Thursday, September 14, 2017

BLOSSOMING ADOLESCENTS



Fostering brings surprises and challenges whatever the age of the child you're looking after.

I sometimes refer to my foster children my 'clients' at the moment (not in their earshot), it reminds me that fostering is a professional thing, although it tickles me that many of the other people involved such as psychologists, teachers, nurses etc - even sometimes the police, solicitors, contact supervisors etc, love to refer themselves as 'the professionals' and generally exclude foster carers from their meetings. 

Ah well, if it gets the best out of them (someone once told me that the Titanic was built by professionals, Noah was an amateur, but anyway...).

One standout challenge is when the client is reaching puberty, it's a big enough challenge when it's your own child, but when it's someone else's; it's something else.

It's going on in our house right now, but I'm not going to pass on anything about this particular set of experiences. Why? Well even though none of our children know about the Secret Foster Carer Blog, and probably never will, if there's one aspect of growing up you want to keep totally sealed and private it's surely the whole business of hormones, hair sprouting in funny places and, most of all; the intricate connection with that most private domain; love, romance and sexuality.

My current lad deserves to be spared their details being put out in the ether in the present tense, even though they'd be oblivious.

What I can do is celebrate some of the minor instances we've enjoyed in the past, both recent and dim and distant.

There was the girl who came home from school one Thursday - funny how I remember it was definitely a Thursday - dumped her bag in the hall as usual, kicked off her shoes and as she rushed past me on her way towards the stairs barked;

"Oh and I started the lady thing today!"

Then there was the lad, fourteen at the time, who suddenly started following my husband around the house and imitating him. I dunno if this was conscious on his part or subconscious, but the standout moment was when I pottered into the living room one evening when there was some football on. There were the two of them each with one leg languidly draped over the arm of their armchair, hubbie sipping a can of lager, foster child sipping a can of Fanta, both going;

"Aw, c'mon!", "Rubbish!" "What was that!"...they were sharing that male thing of enjoying bemoaning the efforts of otherwise enviable young male millionaires. They were even doing those silent burps after a good slug of their respective fizzy pop.

One poignant memory I can share is a girl who came to us aged sixteen who noticed on day one that one of my own sons was that bit older then her and quite good looking. She had let herself go, as the phrase goes, largely because while in the chaotic home she had been removed from there had been an adult who had interfered with her. Her defence mechanism, we were told, had been to make herself unattractive. 

The son of ours came in late most evenings, being a sports fiend, so the first occasion when we were scheduled to all sit down together and eat was the first Sunday lunch after she arrived.

I didn't notice at the time that she'd disappeared into her room two hours before mealtime, I was busy trying to get my roast potatoes perfect (a lifelong crusade in my case, an ambition regularly thwarted).

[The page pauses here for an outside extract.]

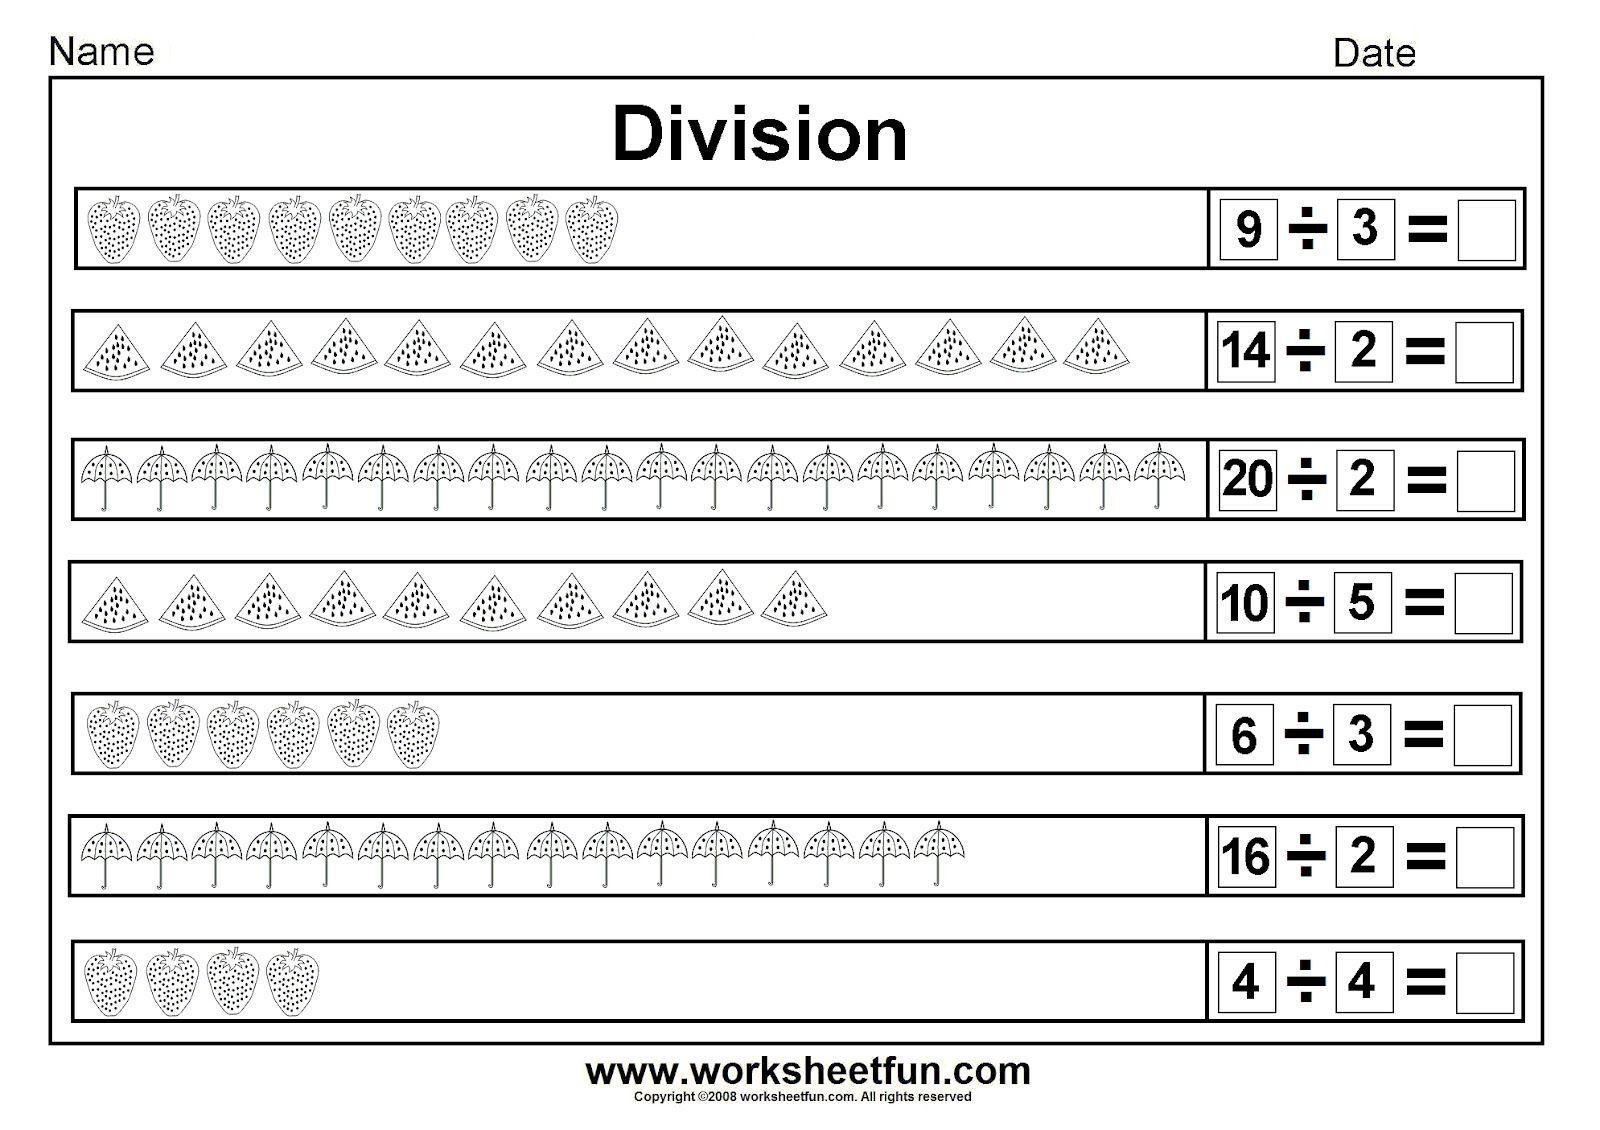 division worksheets beginner division worksheets picture division sharing equally 14. Black Bedroom Furniture Sets. Home Design Ideas

When I called out; "Five minutes!" (I always give them a bit of notice so they can round off whatever they are up to), people started arriving. The girl's was the only empty chair when I started transferring dishes of food to the table. I called "Come and get it!", and as I did she appeared.

Sunday lunch is a dress-casual event in our house. Tee-shirts and jeans are fine, shorts in the summer are okay too. I suppose if there is a dress code it's no more stringent than 'no pyjamas'.

The dear girl had dressed up to the nines. She stood in the doorway, hair up, full make-up, long lashes, lippy on, wearing a sequinned blue dress and bright red heels. Necklace, ear-rings and a silver clutch bag.

We all politely commented on how nice she looked, and ate up. It was never commented on again as it was a bit of a faux pas, and we didn't want to risk her feeling silly.

Speaking of risk, I find it important to share suchlike developments with our Blue Sky team and log them in our reports. The awakenings of adult feelings in foster children requires careful and responsible management, and you have to keep yourself and your family safe as well as the child.

But that said, it's always a beautiful blossoming, and a privilege to witness it, and moreover; to nurture and celebrate it.